Here’s the thing.  I’m not an jazzercizer.. I don’t really “do” exercise.  In fact, I hate pointless exercise and think that people who go to gyms are weird.  Can’t explain it - I just get annoyed with exercise.  I know this about myself.  No big deal.  I am still very physically active, nonetheless.  I live a very energetic life.  Really.  I do.  Exercise isn’t my problem.  I know what my problem is and I can’t (don’t want to) fix it.

It’s food.  I love it.  I mean, I love it like most people love sex or drinking or - name your addiction.  Seriously.  If you want me to be somewhere, just dangle a carrot in front of me - if food will be there, so will I.  And, here I am, two days into the flu and it’s in front of me and even though I feel like dog shit, I want to eat it.  I love it.  Love. It.

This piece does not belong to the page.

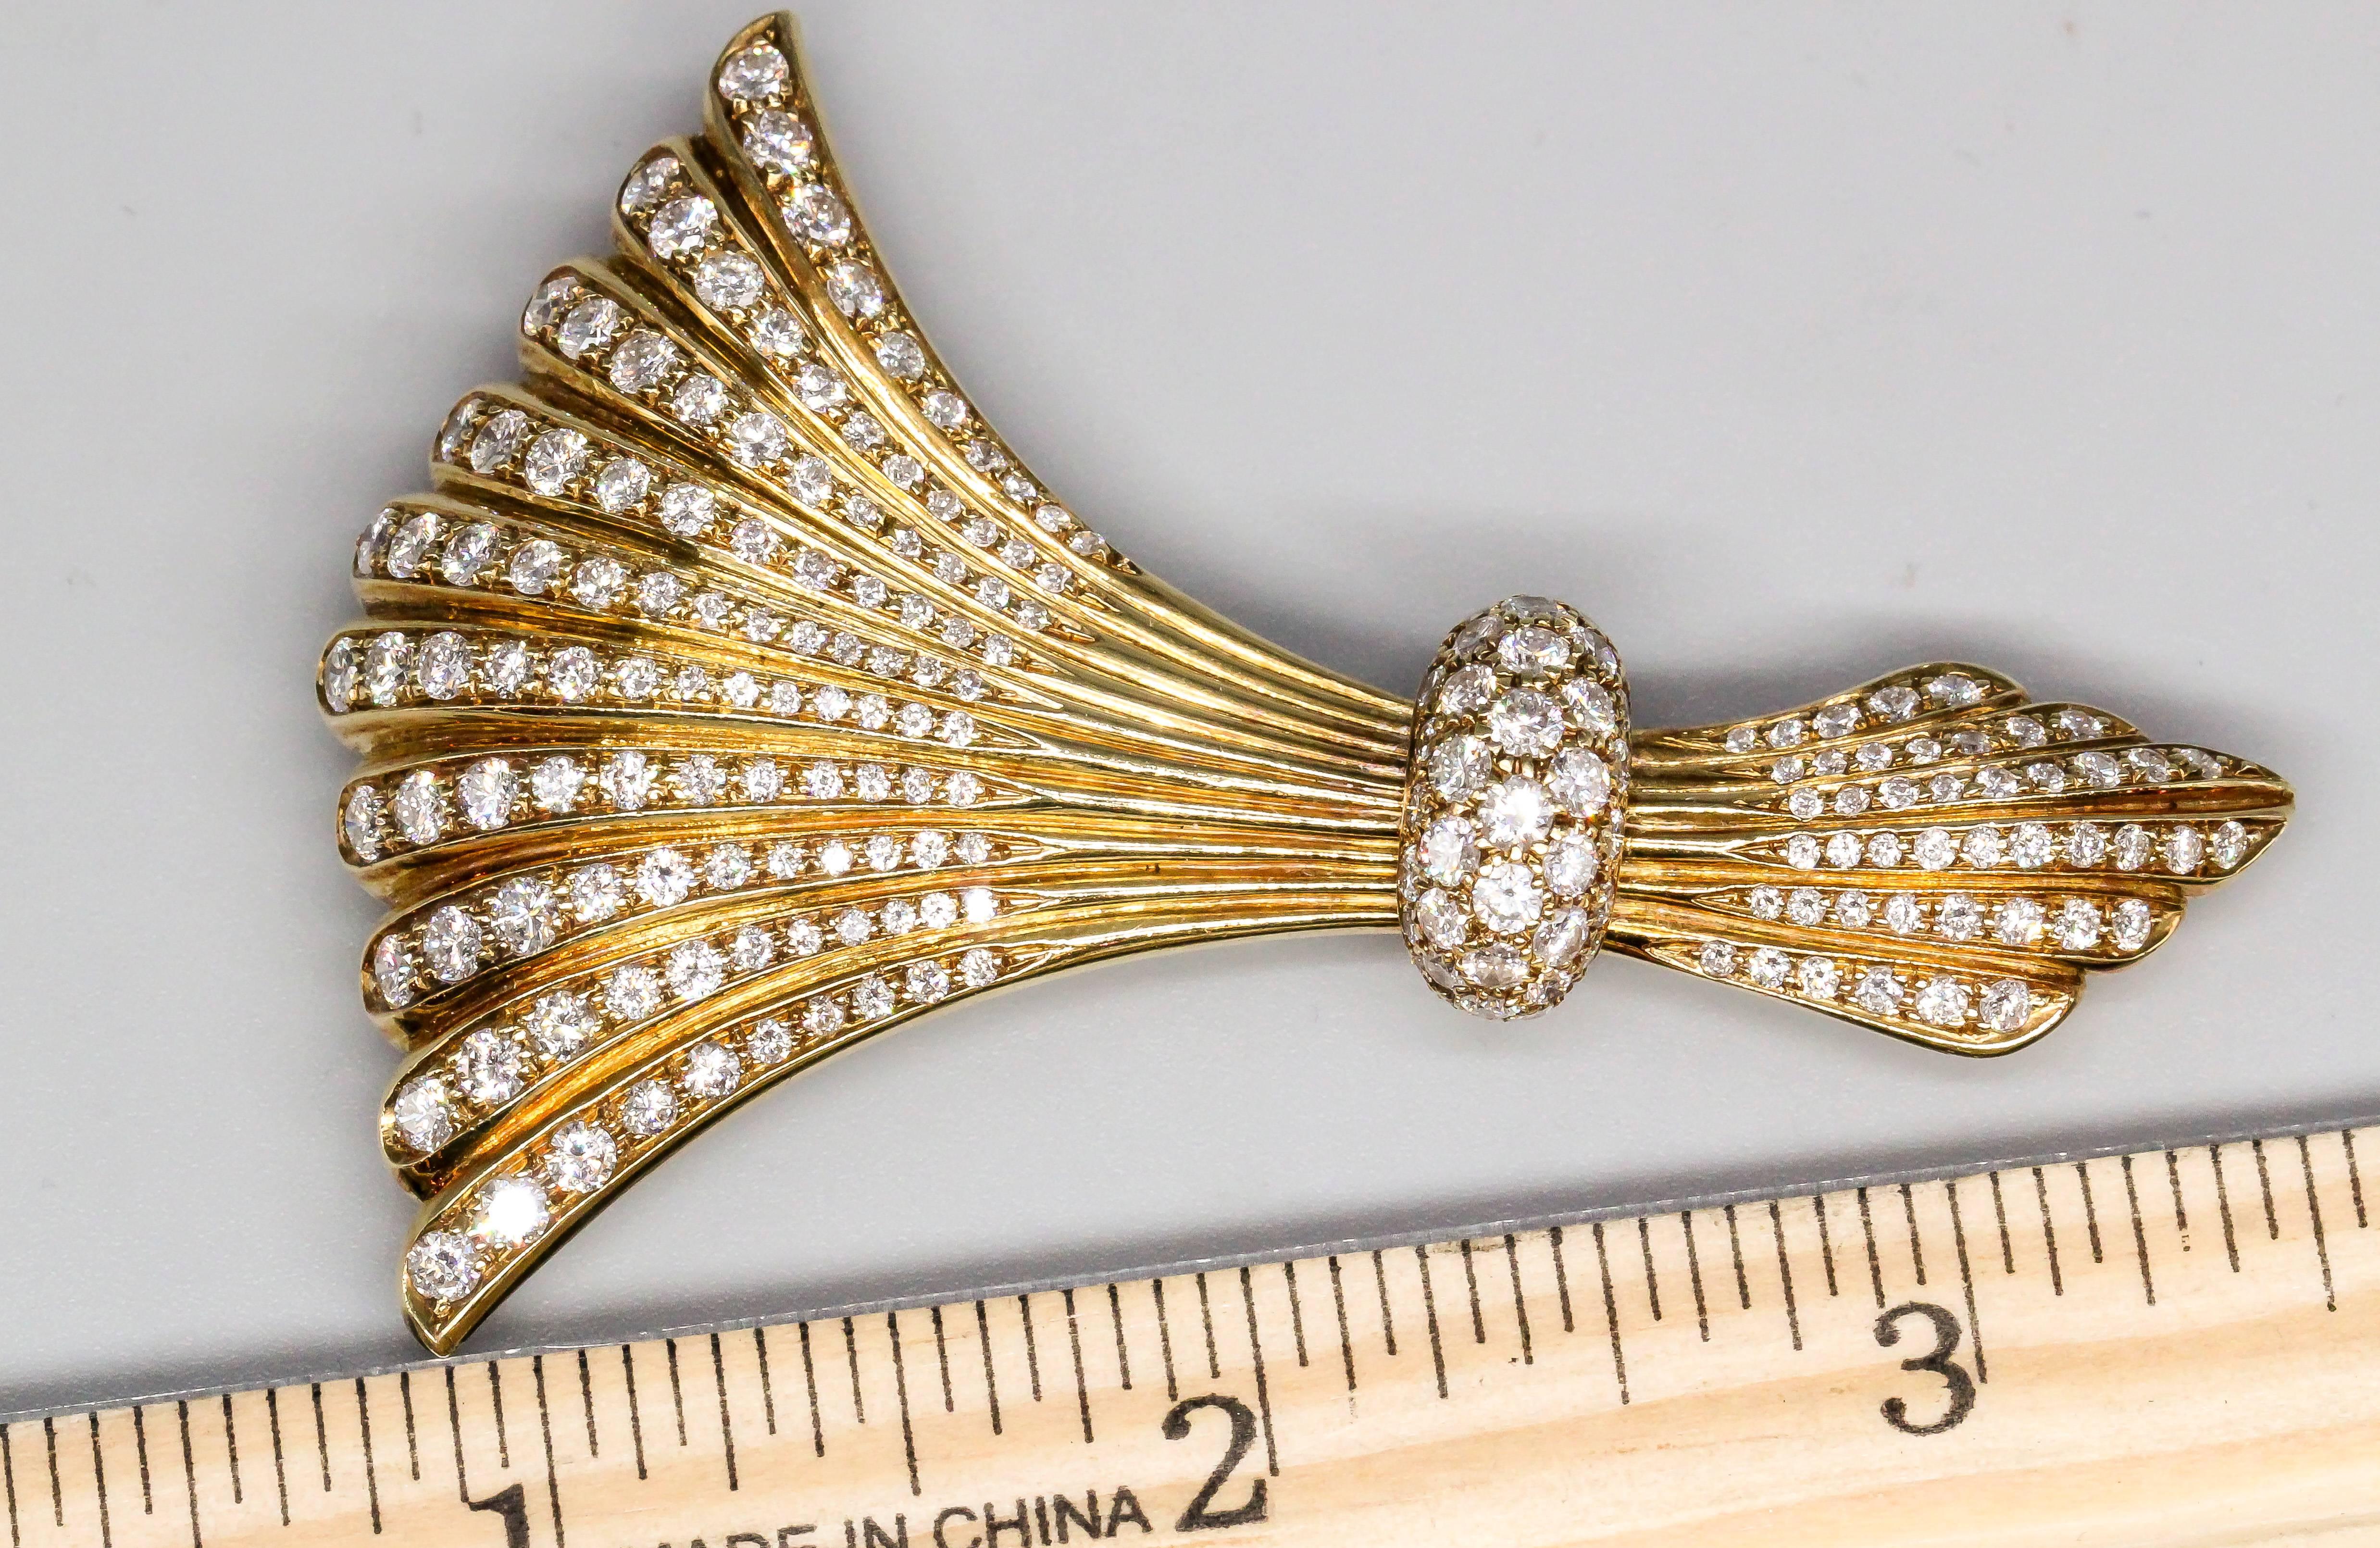 Elegant Mid-Century diamond and 18K yellow gold brooch and accessory piece of European origin. It features high grade round brilliant cut diamonds, over an impeccably made 18K yellow gold mounting. Very versatile, as it can be worn as a brooch by

My adoration of food has never been a problem.  Until tonight.  I caught a glimpse of my spreaded out ass today in the mirror.  Sure I was wearing my “sick” pants (a very old and very saggy pair of sweat pants that are far from flattering) but, still.  It looked gross.  And, I know that my love of eating is the cause.  Don’t get me wrong.  I don’t have an actual addiction.  I just love food.  I love cooking it, smelling, picking it out at the farmer’s market, reading about it, planning meals..  

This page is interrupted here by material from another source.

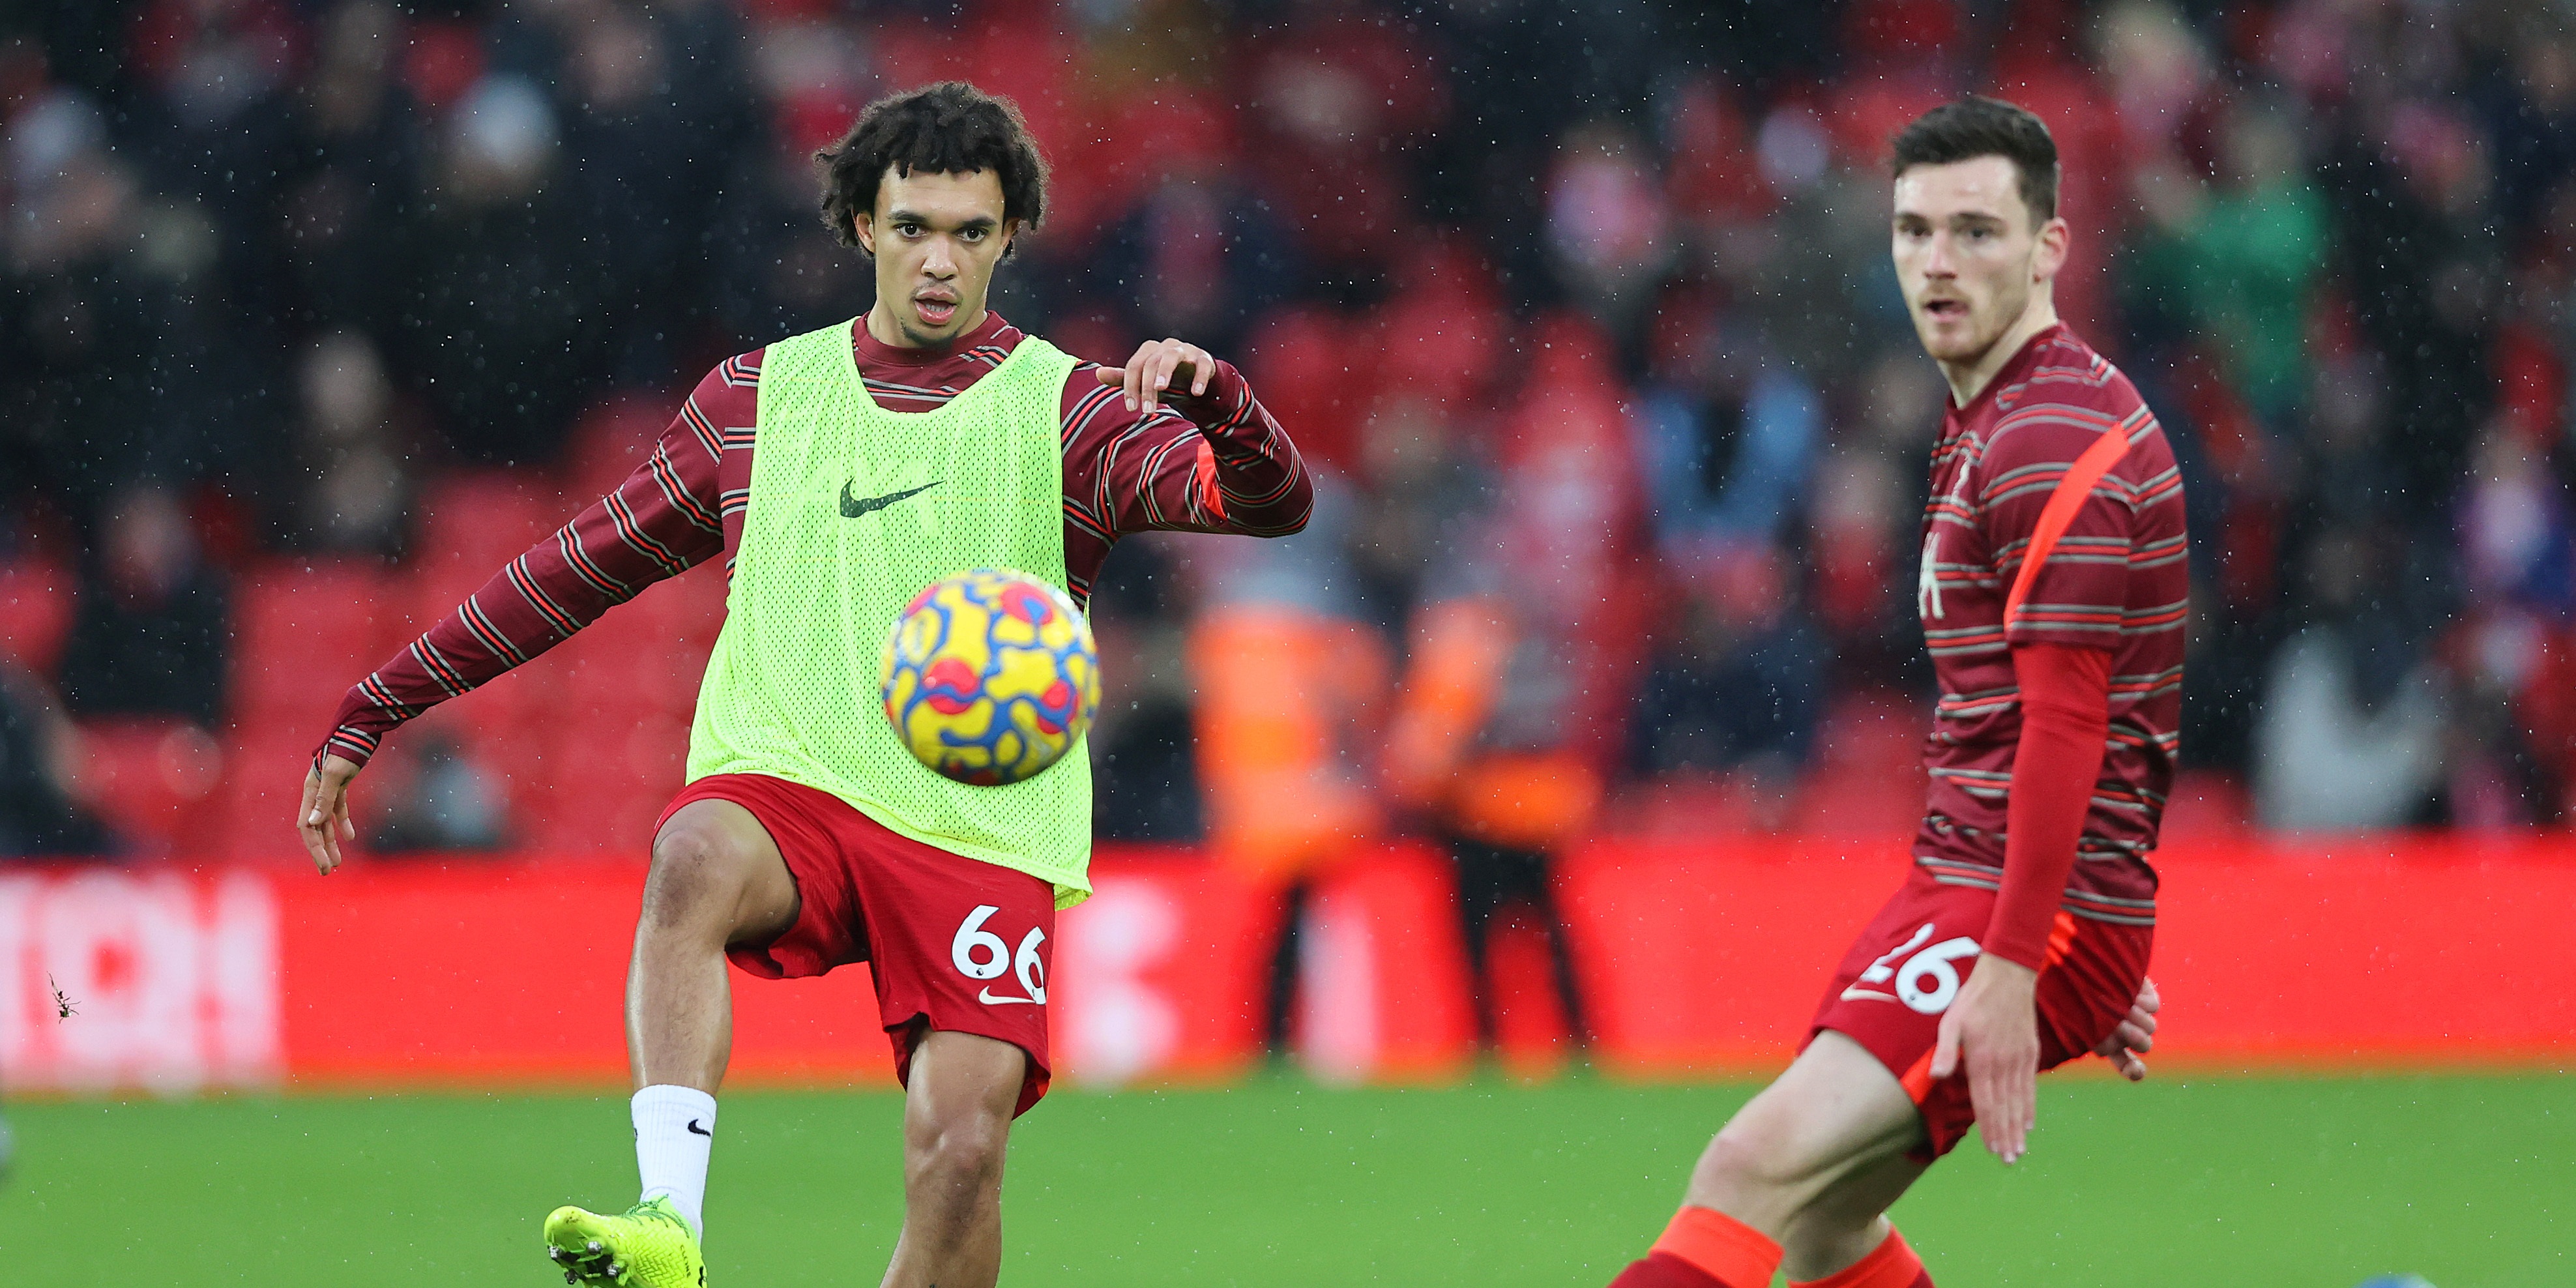 ‘Considering how many he misses’ – Trent calls out Robertson for not repaying match favour

So, what’s a girl to do?  The Dr. Weil trial is going well but, since I have been sick all week, it is hard to be following a health regimen.  All I have felt like doing is sleeping (and eating, somehow).  Perhaps if I keep following it, I will develop a better sense of balancing foods I adore with foods I should eat to age “gracefully” and without the mom butt creeping up on me as fast as it is. 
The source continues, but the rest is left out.